その一枚の皮膜が、俺の視界をときどき覆う。
723: 2017/09/11(月) 00:25:52.05 ID:NPrJqGUeo
夕方のニュースが、救急車のサイレンが、月曜の朝の曇り空が、真夜中に観た映画が、
誰かと過ごした思い出が、いつか読んだ本の些細な台詞が、地下鉄の吊りが、
ダムの傍にある「いのちの電話」の看板が、コンビニの優先で流れるポップソングが、
全部が鋭い刃物みたいに、やけに刺さって仕方なかった。
棘みたいに付けなくて仕方なかった。
その棘が、いつのまにか俺の中で少女のイメージをとった。
どこかで見たというわけではない、現実に見たというわけでもない。
ドラマや映画や小説や漫画や、そんなありとあらゆるもののなかの、
その『傾向』と『性質』を備えたものを寄せ集めて作り上げられたような、
ひとりの、泣いている女の子。
きっと、誰の中にもいる、俺の中にもいる、ひとりの少女。
彼女の視線を、俺はふとした瞬間に感じる。
振り返っても、その姿はない。ただのイメージなのだから、当たり前だ。
でも、彼女はいる。
夕方のニュースや、動物の氏体や、あるいはもっと日常的な風景の一部として。
空気に混じった塵のように、いろんなものに形を変えて、その少女は世界に存在し続けている。
724: 2017/09/11(月) 00:26:18.09 ID:NPrJqGUeo
◇
屋上の合鍵は、そもそもは俺の持ち物ではなかった。
去年生徒会長をしていた先輩が、職員室に出入りできるのを良いことに、屋上の鍵を持ち出して合鍵を作った。
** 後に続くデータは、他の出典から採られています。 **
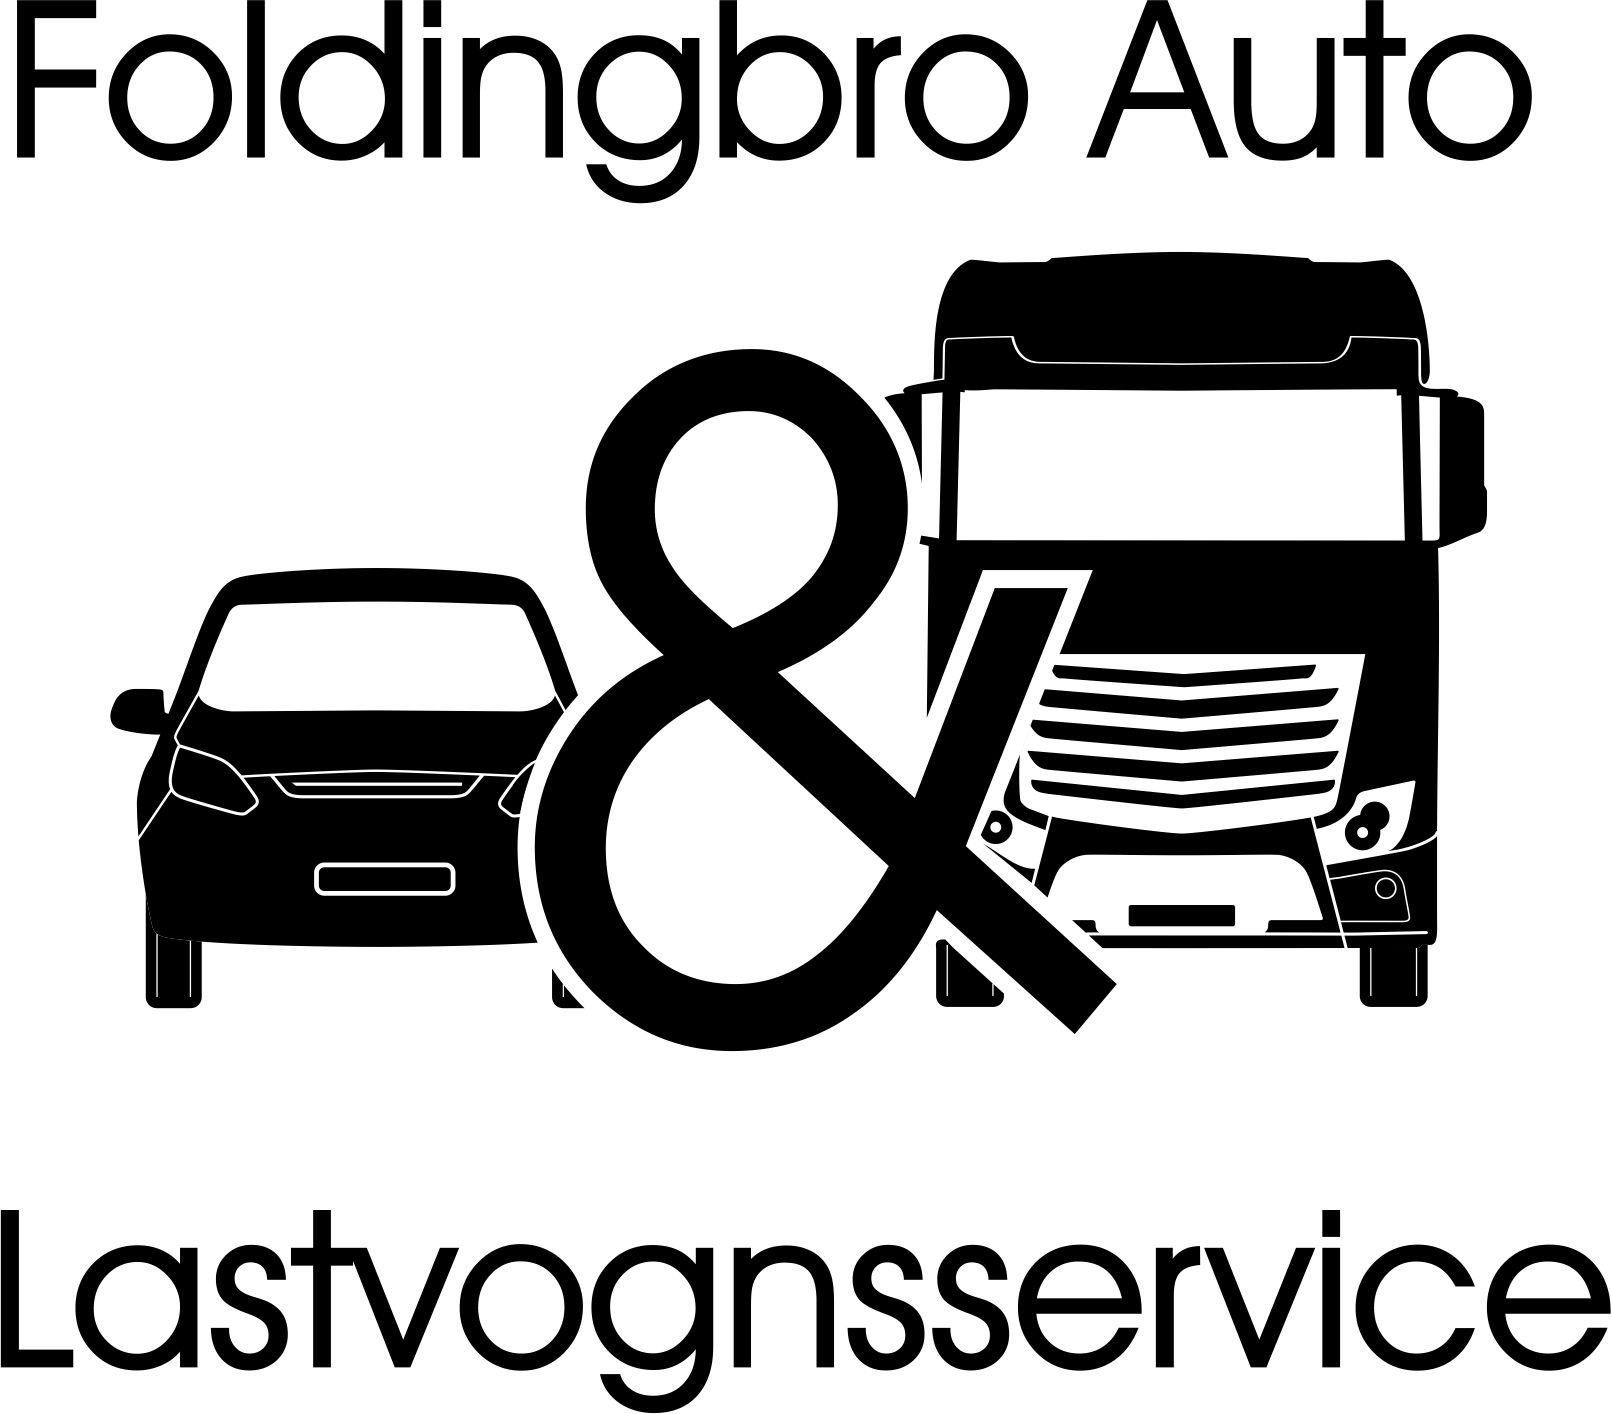 Foldingbro Auto og Lastvognsservice  logo

そうして鍵を作った彼女は、その鍵を一回千円でカップル相手に貸すことで金を儲けていた。
それに満足すると、彼女はそれを俺によこした。
俺は選ばれたわけではなく、彼女がその気になったときに、たまたま彼女の近くを通りかかっただけにすぎない。
「内緒だよ。これがバレたら、大変なことになるから」
誰にも言わない、って、約束してくれたら、あげるよ。
そうして俺は、開かないはずの扉を開ける鍵を手に入れた。
偶然。
すべて、偶然なのだと思う。
初期値鋭敏性。
俺はたまたま、屋上に至る扉を開ける鍵を手に入れた。
授業をサボって昼寝をする癖がついた。
そして、ふとした瞬間、碓氷愛奈が俺の領域にひょっこりと顔を見せた。
725: 2017/09/11(月) 00:27:04.09 ID:NPrJqGUeo
◇
自分でノブをひねって扉を開けたくせに、彼女は扉が開いたことが不思議でしかたないような顔をしていた。
そうして俺が煙草をふかしているのを見て、なんだか変な顔をした。
まるで俺を見た瞬間に、何か別のものを見つけたみたいな顔だ。
俺もまた、彼女を見た瞬間、何かを思い出しそうになった。
その目が、表象の少女に似ていた。
碓氷愛奈は、普通に笑い、普通に喋り、普通に過ごす、普通に振る舞う、けれどどこか寂しそうな女の子だった。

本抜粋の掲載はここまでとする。